(Dataset records Opens)

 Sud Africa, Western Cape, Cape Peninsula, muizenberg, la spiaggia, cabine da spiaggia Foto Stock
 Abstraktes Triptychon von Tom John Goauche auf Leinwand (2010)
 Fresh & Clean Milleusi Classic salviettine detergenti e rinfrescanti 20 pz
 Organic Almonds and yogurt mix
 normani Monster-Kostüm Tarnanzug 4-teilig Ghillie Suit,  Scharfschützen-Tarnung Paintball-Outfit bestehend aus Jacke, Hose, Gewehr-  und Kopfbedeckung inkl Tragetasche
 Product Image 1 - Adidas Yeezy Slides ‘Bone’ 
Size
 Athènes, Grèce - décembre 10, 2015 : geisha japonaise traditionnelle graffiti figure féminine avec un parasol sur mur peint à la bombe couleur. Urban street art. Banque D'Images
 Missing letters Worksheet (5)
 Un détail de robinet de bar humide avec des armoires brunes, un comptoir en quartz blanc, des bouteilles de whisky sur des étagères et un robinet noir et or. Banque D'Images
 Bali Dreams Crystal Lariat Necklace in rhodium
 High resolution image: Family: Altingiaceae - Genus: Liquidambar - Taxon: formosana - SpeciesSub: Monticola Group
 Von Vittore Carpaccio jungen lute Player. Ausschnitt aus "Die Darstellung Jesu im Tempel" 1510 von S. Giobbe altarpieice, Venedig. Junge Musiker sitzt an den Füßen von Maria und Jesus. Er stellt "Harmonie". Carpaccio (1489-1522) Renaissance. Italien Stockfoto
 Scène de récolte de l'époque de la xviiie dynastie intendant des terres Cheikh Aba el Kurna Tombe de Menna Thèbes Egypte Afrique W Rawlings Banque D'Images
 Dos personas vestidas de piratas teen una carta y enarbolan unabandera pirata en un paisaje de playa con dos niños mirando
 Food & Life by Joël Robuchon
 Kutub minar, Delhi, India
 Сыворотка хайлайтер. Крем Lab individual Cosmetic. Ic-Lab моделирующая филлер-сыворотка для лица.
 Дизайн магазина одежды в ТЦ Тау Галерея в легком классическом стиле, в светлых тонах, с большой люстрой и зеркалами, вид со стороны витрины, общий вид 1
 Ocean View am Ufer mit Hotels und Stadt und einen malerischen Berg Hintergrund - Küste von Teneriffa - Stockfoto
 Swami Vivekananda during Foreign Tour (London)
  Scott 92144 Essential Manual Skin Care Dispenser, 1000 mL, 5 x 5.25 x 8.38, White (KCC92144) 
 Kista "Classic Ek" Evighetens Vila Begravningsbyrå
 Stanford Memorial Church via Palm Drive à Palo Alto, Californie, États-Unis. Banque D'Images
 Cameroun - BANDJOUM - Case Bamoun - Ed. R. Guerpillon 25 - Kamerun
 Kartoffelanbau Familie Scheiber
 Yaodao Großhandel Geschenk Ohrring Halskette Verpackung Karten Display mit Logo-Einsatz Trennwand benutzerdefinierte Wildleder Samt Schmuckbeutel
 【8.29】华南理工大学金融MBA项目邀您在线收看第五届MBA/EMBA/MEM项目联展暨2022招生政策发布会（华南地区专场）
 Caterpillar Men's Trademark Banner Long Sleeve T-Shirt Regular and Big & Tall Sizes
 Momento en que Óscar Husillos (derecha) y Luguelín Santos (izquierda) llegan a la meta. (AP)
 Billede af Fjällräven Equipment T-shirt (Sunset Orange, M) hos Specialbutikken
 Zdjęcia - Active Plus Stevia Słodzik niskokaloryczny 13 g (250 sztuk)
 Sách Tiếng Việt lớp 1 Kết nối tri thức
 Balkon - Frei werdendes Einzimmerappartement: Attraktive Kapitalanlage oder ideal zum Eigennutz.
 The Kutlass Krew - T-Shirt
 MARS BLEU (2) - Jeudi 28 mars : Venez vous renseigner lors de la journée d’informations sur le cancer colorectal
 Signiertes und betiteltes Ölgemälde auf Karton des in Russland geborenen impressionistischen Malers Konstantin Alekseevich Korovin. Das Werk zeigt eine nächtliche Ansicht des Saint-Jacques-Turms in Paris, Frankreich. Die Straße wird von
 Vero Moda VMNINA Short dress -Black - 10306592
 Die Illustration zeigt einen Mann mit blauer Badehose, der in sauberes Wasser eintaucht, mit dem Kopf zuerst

(Dataset records Closes)

Search the entries for the word "Stockfoto", then list each line that holds it.

 Von Vittore Carpaccio jungen lute Player. Ausschnitt aus "Die Darstellung Jesu im Tempel" 1510 von S. Giobbe altarpieice, Venedig. Junge Musiker sitzt an den Füßen von Maria und Jesus. Er stellt "Harmonie". Carpaccio (1489-1522) Renaissance. Italien Stockfoto
 Ocean View am Ufer mit Hotels und Stadt und einen malerischen Berg Hintergrund - Küste von Teneriffa - Stockfoto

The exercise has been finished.